Goodrich is a town in Taylor County, Wisconsin, United States. The population was 460 at the 2020 census.

==Geography==
According to the United States Census Bureau, the town has a total area of 36.3 square miles (94. km^{2}), all land. The Big Rib River crosses the northeastern corner of the town.

Other than streambanks, most of the surface of the town is fairly level, laid down by some unknown glacier and eroded long before the last glacier which bulldozed the sharp Perkinstown terminal moraine to the north. The soil of most of Goodrich is called Merrill till, except for meltwater stream sediment along the Big Rib River.

==History==
The dells of the Big Rib River in Goodrich are probably the rapids where Father René Menard disappeared in 1661, while attempting to reach a band of Huron Indians near the headwaters of the Black River. He left his partner at the rapids to carry some supplies and was never seen again.

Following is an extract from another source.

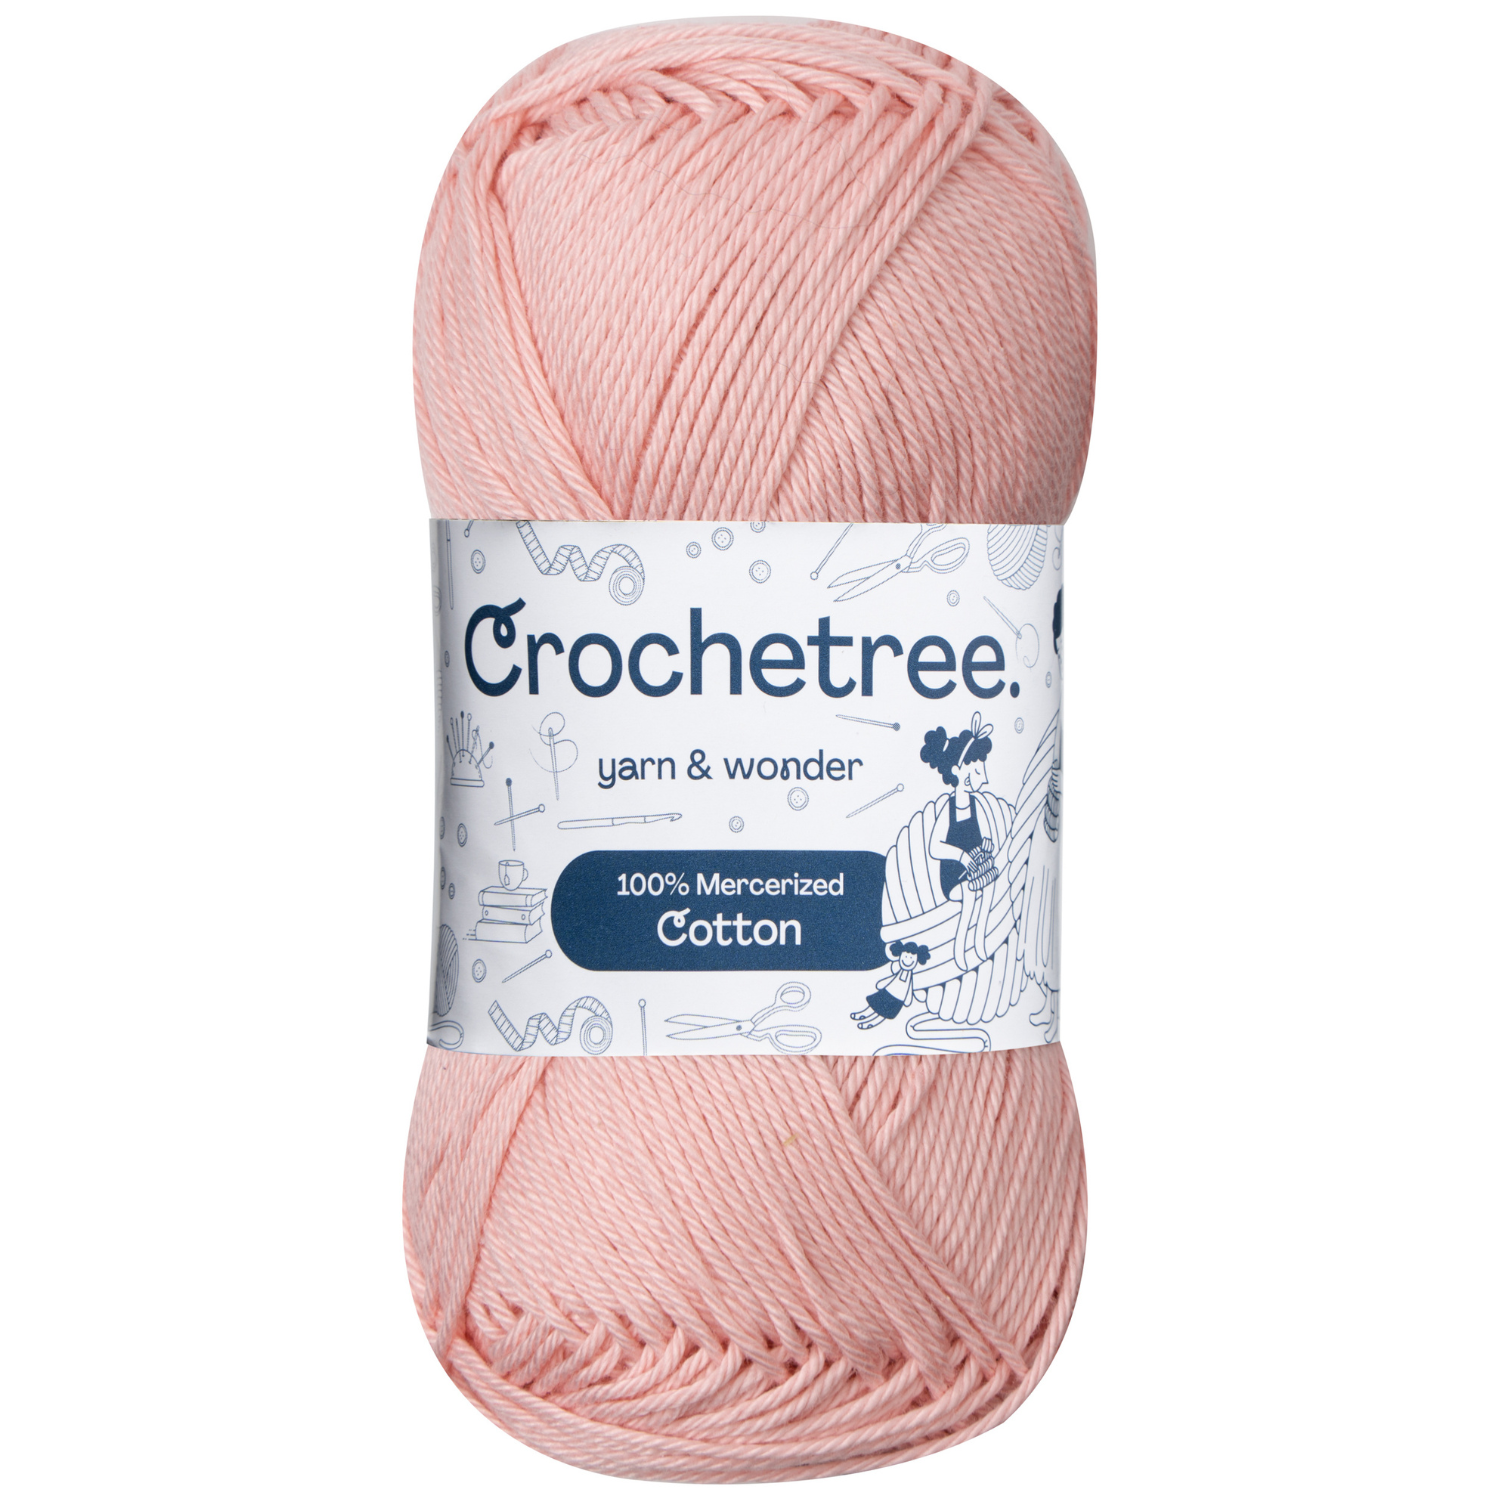 Mint color 100% mercerised cotton yarn - for making small projects like  crocheting toy amigurumi – Yarn Home

The south and east edges of the six by six mile square that would become Goodrich were first surveyed in 1851 by crews working for the U.S. government. In December 1861 a different crew of surveyors marked all the section corners in the township, walking through the woods and swamps, measuring with chain and compass. When done, the deputy surveyor filed this general description:
The surface of this Township is mostly gently rolling and the Soil is principally 2nd Rate being well adapted to agricultural purposes. The Timber is a mixture of Hemlock Birch Sugar (?) Fir and Maple. There is but little Swamp land in the Township but it is well watered by numerous small streams of pure water which are tributaries of the Rib River which (?) through the Township in a South Easterly direction. It is a Stream that does not overflow having but few tributaries(?) to affect its rise and fall. There are no settlers in this Township.

Around 1873 the Wisconsin Central Railroad built its line up through the forest that would become Medford, heading for Ashland. To finance this undertaking, the railroad was granted half the land for eighteen miles on either side of the track laid - generally the odd-numbered sections.

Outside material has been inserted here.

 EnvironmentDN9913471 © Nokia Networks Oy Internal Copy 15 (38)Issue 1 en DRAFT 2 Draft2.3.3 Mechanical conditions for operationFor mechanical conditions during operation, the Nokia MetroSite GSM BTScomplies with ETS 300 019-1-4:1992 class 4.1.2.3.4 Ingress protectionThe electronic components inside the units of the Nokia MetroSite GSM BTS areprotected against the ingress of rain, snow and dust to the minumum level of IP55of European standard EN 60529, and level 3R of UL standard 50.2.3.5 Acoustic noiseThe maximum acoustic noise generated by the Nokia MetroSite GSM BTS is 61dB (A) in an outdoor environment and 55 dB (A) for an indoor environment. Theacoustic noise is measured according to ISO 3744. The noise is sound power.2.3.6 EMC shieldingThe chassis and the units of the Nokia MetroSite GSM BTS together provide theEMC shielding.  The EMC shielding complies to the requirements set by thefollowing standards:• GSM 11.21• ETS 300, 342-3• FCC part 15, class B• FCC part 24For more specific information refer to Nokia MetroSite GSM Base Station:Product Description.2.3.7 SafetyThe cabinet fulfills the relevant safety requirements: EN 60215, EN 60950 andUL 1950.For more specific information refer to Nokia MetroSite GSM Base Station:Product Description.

An 1880 map of the area shows some sort of road entering what would become Goodrich from the Medford side, following the course of modern Highway 64 for two miles, then angling south into Marathon County.

A map from around 1900 showed one road following the course of 64 for a few miles, and two other roads along the southwest corner of the town. The map showed five settlers' homesteads along these roads. Otherwise, Goodrich had no roads or settlers. In contrast, lands nearer the railroad at Medford, Stetsonville and Chelsea were fully settled by this time. Much of the unsettled part of this town was held in large blocks, with the largest owners P.A. Merino in the north, H.B. Claflin in the east, and G. Stout in the south. By this time, the Wisconsin Central railroad had sold off most of its odd-numbered sections, but still held some smaller blocks.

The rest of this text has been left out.